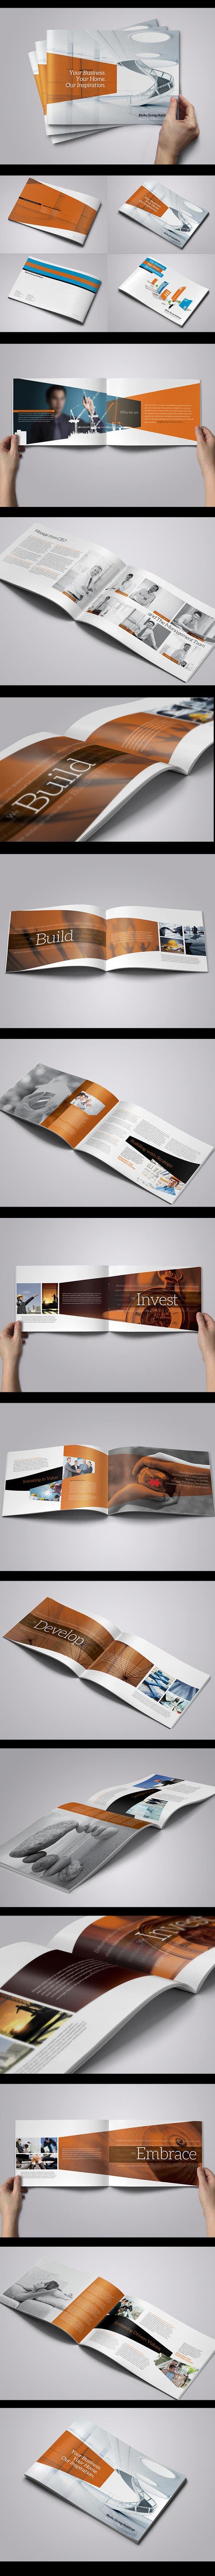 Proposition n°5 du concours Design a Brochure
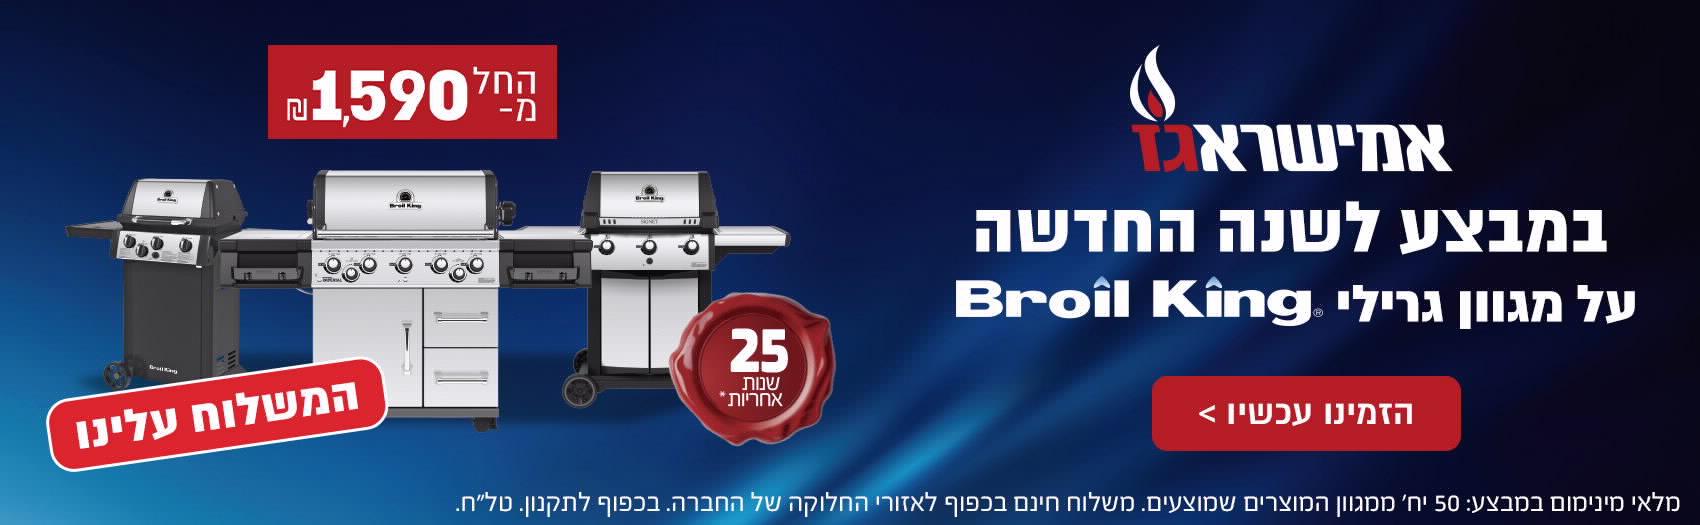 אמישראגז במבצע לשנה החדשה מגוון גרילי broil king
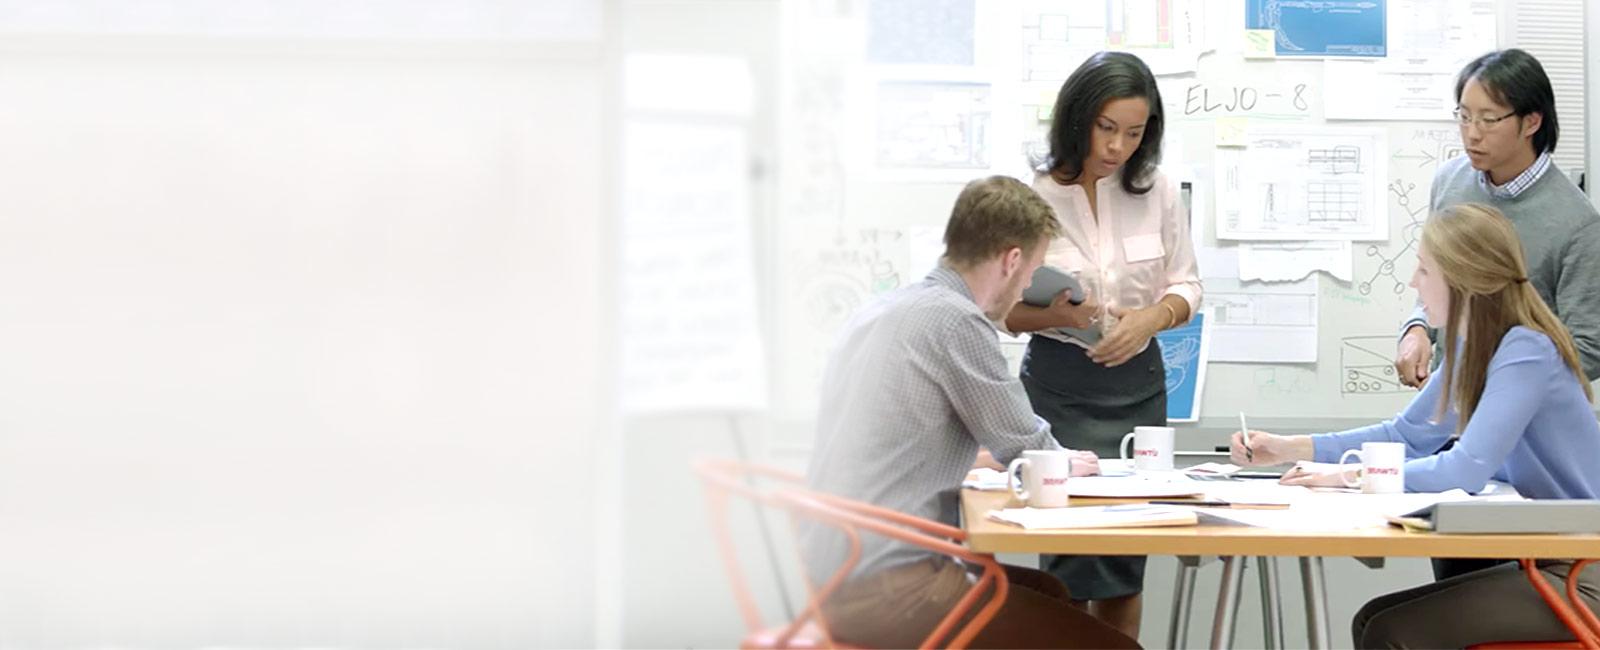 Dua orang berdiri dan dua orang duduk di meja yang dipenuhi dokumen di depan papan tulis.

--

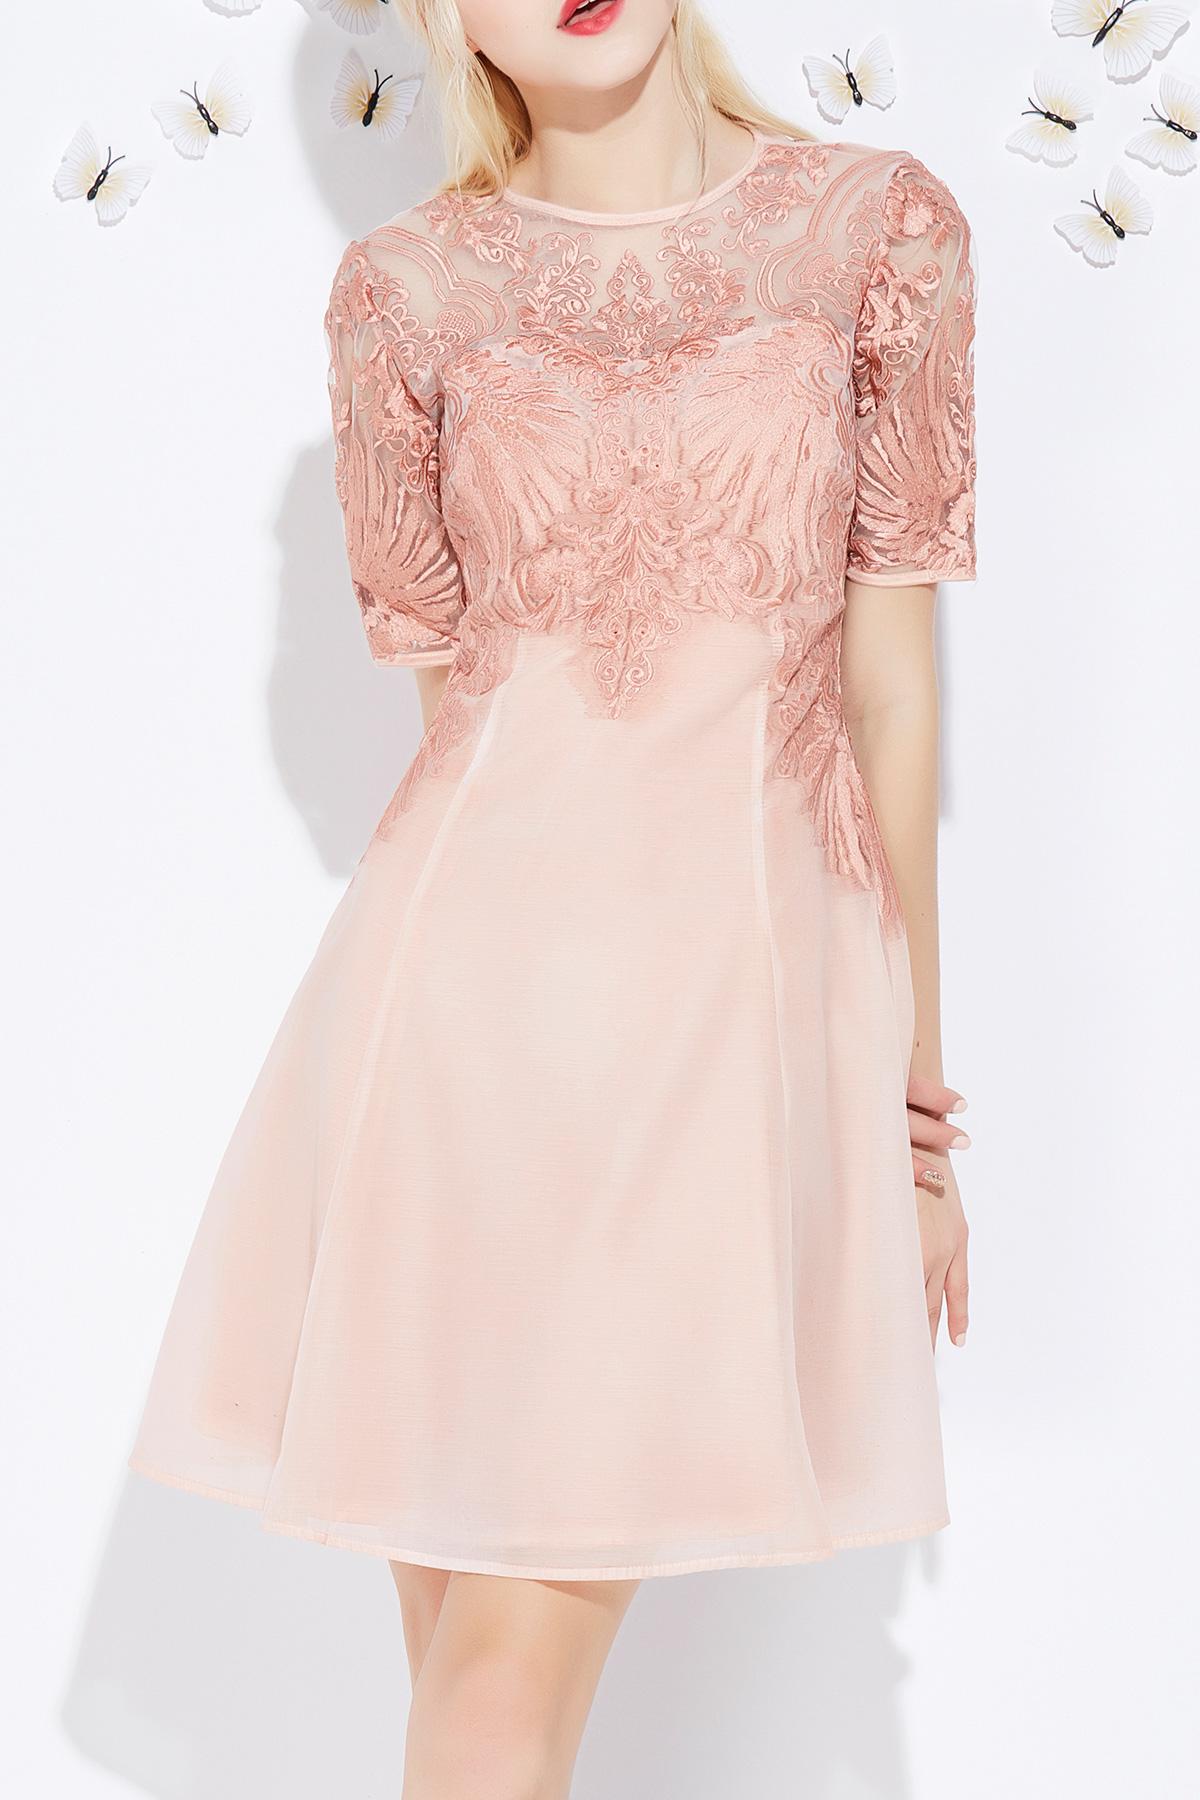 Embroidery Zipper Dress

Task description:
Exact copy, pictures excluded: from the line with "Proposition n°5 du" up to and including the line with "Dua orang berdiri" in the data above.

Output:
 Proposition n°5 du concours Design a Brochure
 אמישראגז במבצע לשנה החדשה מגוון גרילי broil king
 Dua orang berdiri dan dua orang duduk di meja yang dipenuhi dokumen di depan papan tulis.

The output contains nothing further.